-- AVAILABLE DATA --
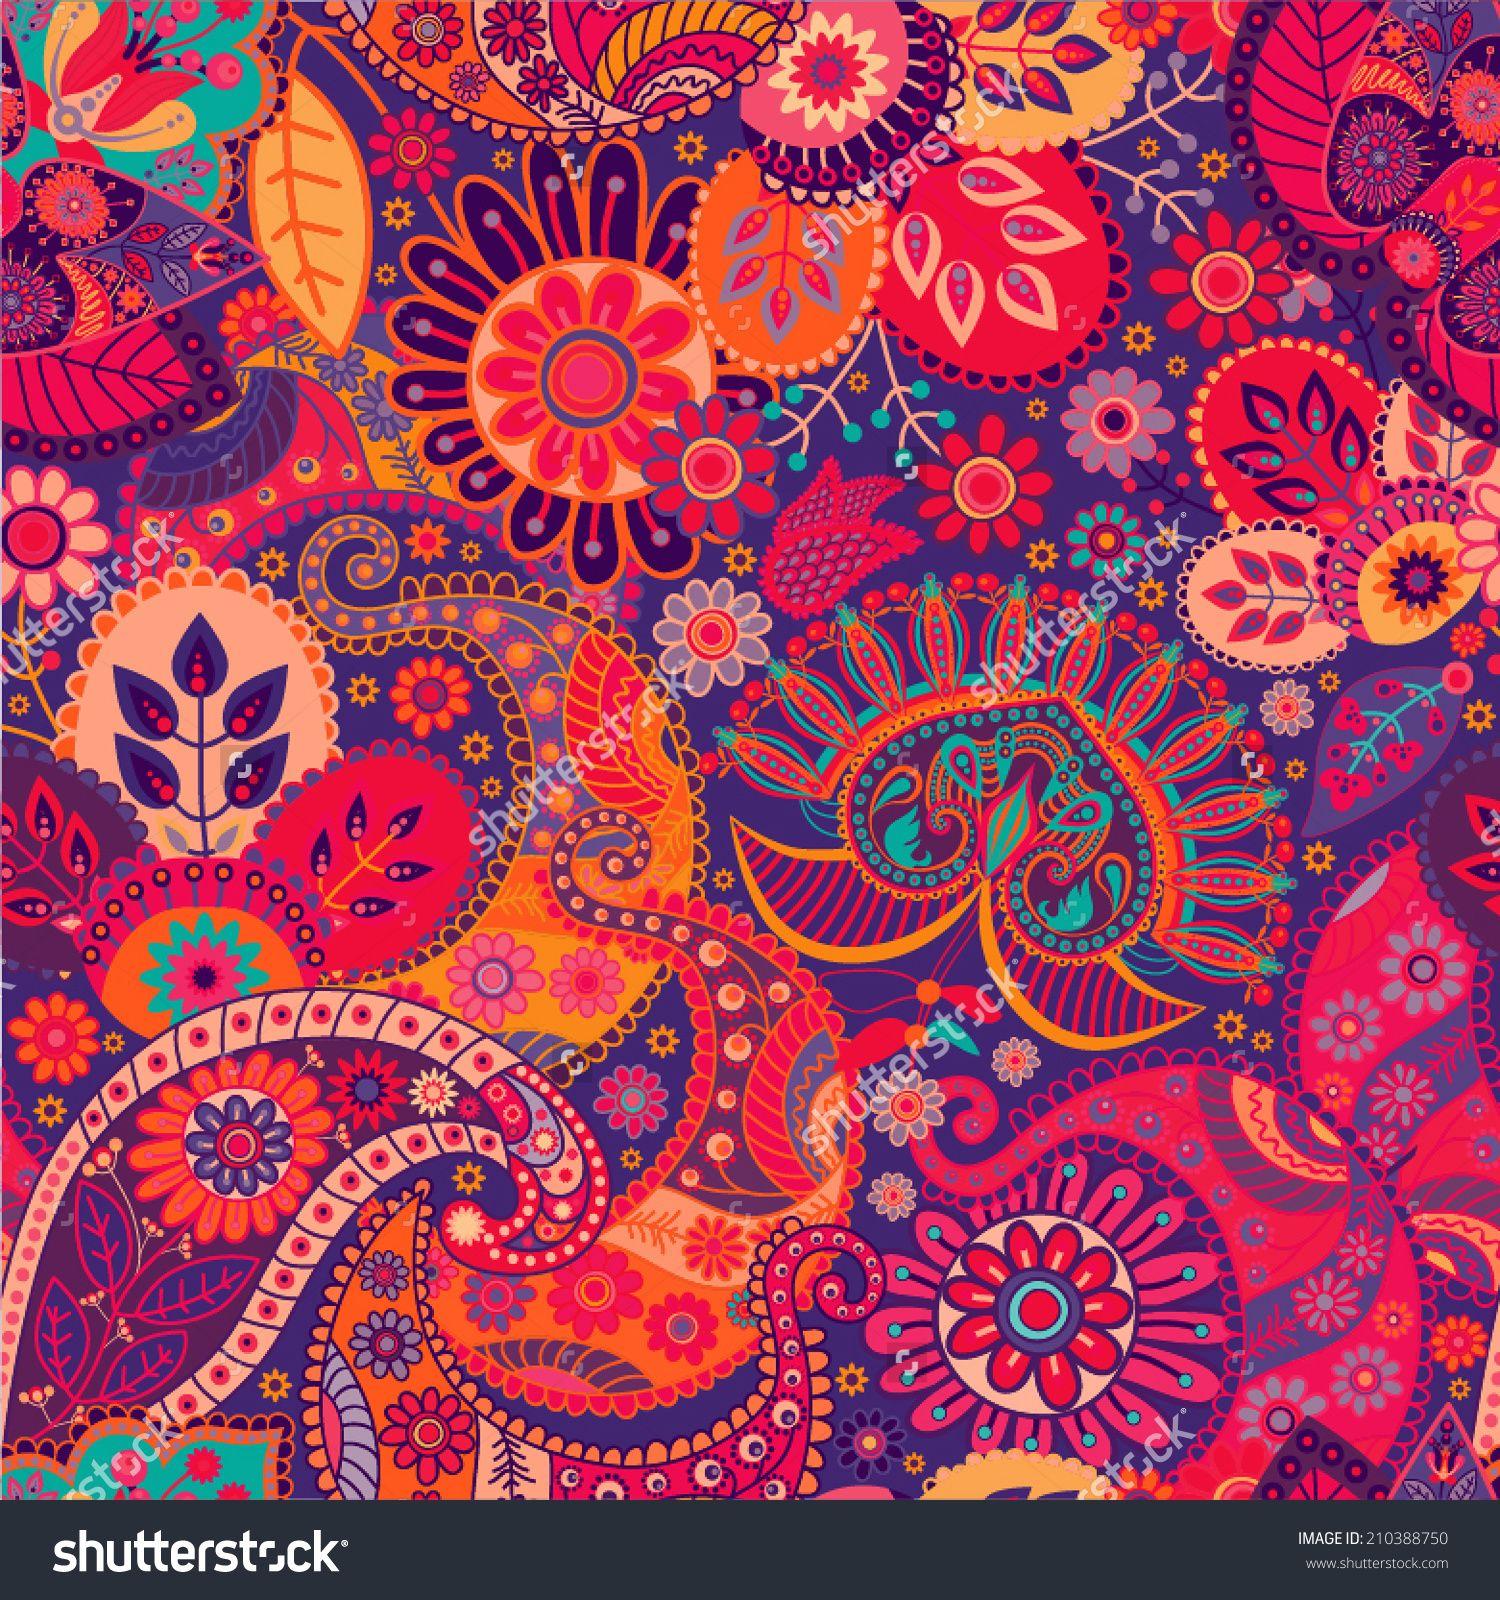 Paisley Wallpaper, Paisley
* * *
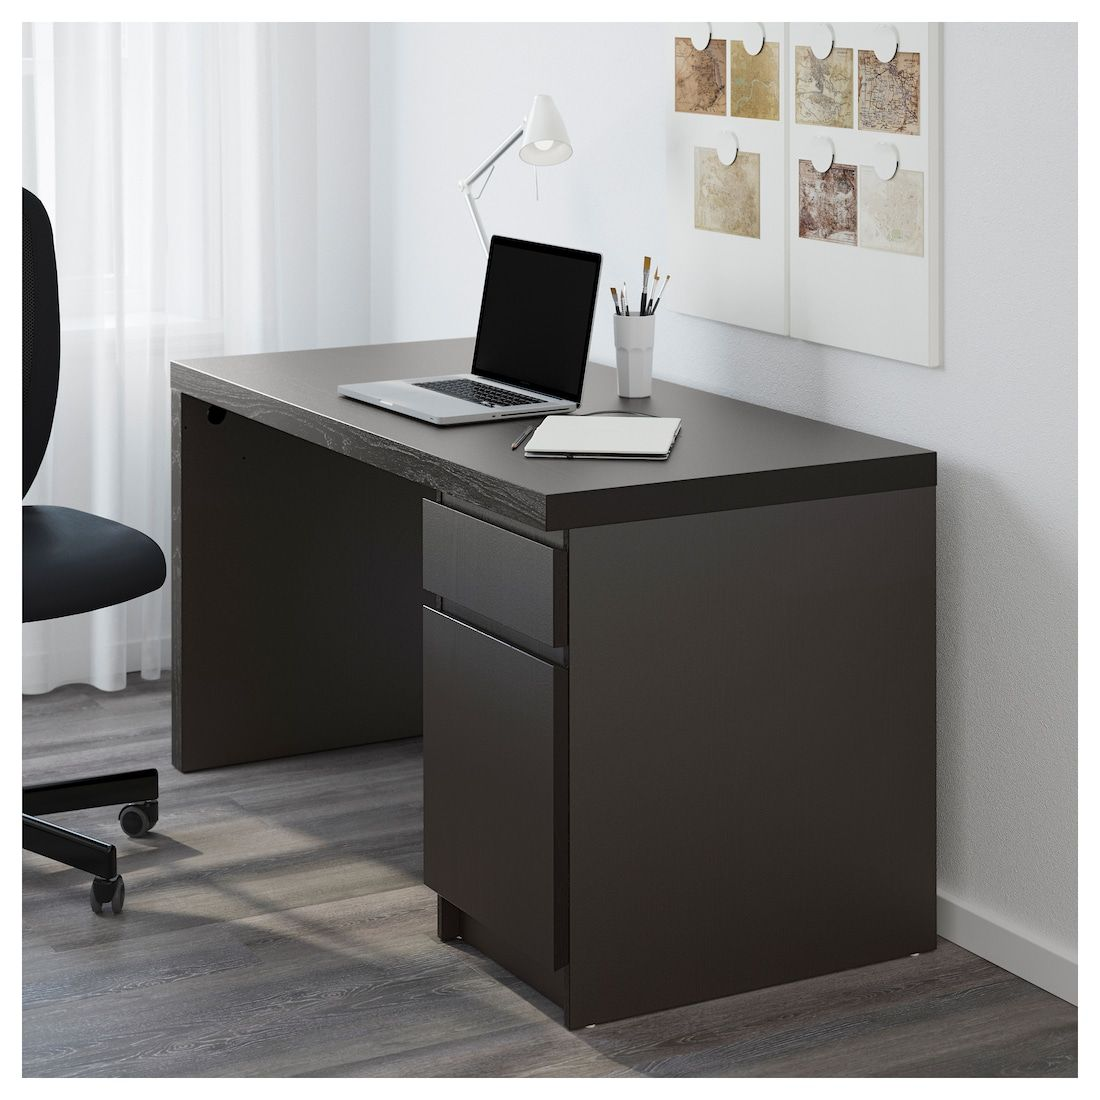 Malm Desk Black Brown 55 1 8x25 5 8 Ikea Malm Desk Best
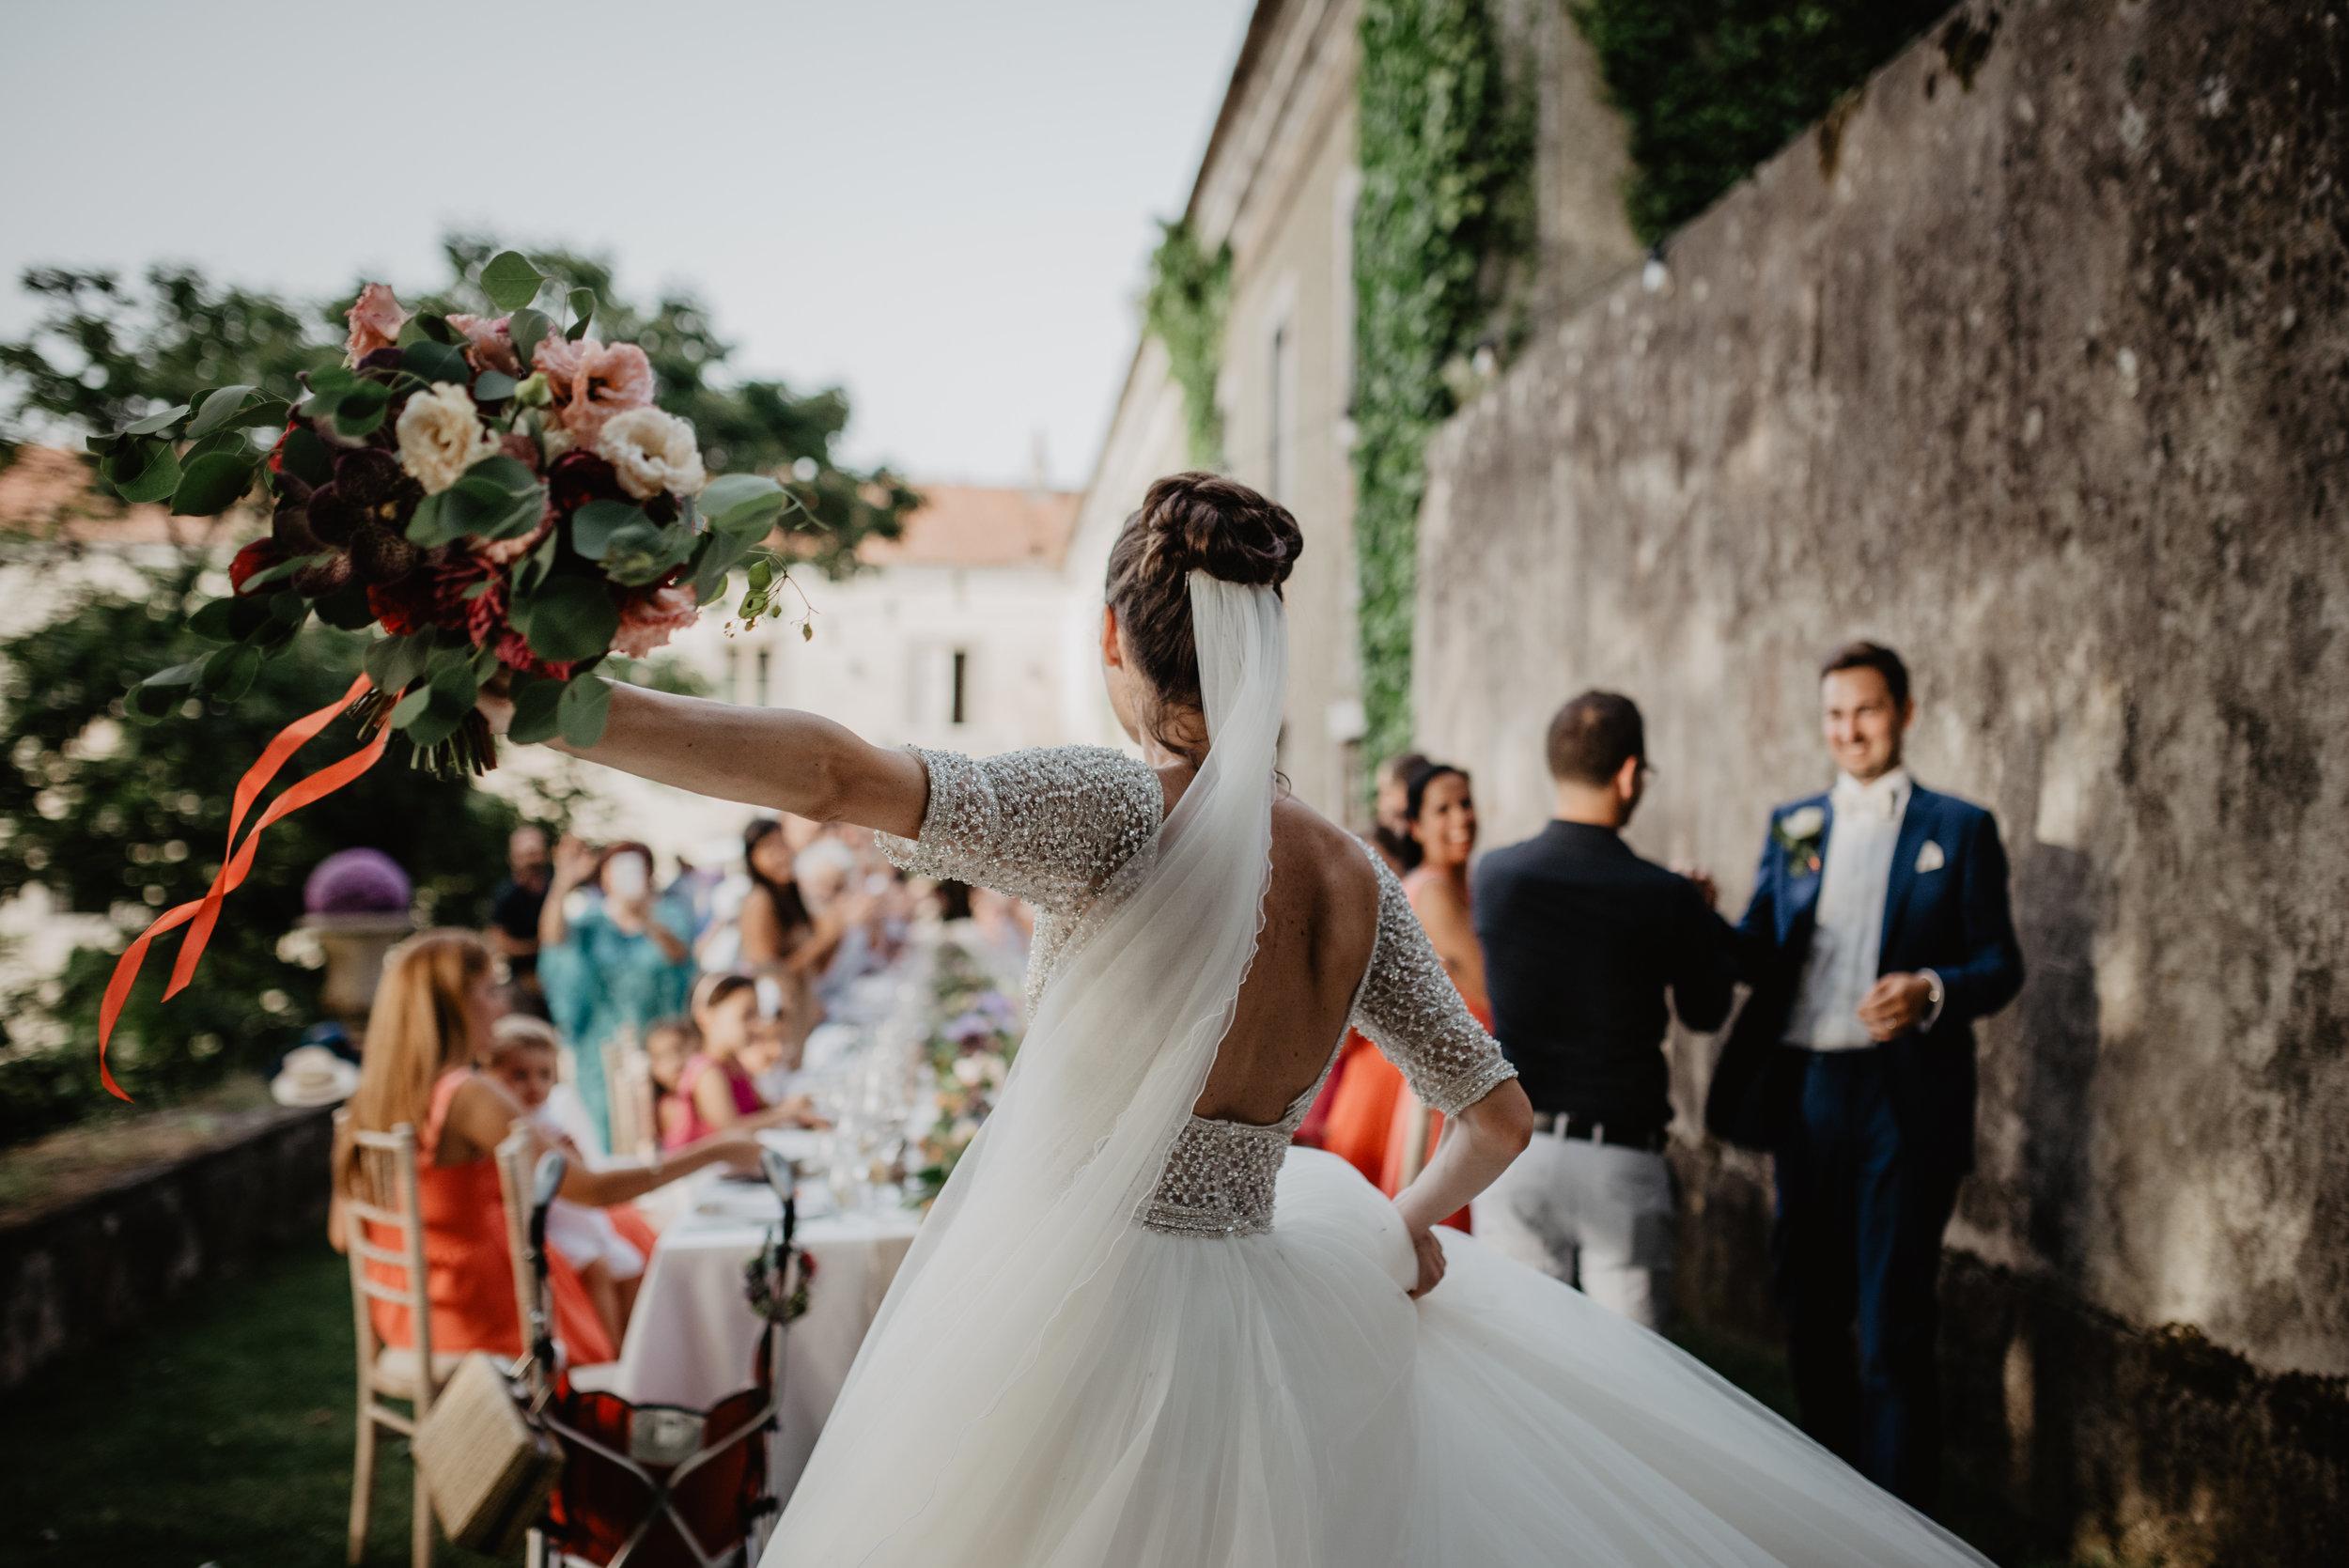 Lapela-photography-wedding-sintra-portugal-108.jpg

-- TASK REQUIREMENTS --
In the listing above, find the line with "Malm Desk Black" and the line with "Lapela-photography-wedding-sintra-portugal-108.jpg". Set down exactly those lines and everything between them, skipping pictures.

-- YOUR RESPONSE --
 Malm Desk Black Brown 55 1 8x25 5 8 Ikea Malm Desk Best
 Lapela-photography-wedding-sintra-portugal-108.jpg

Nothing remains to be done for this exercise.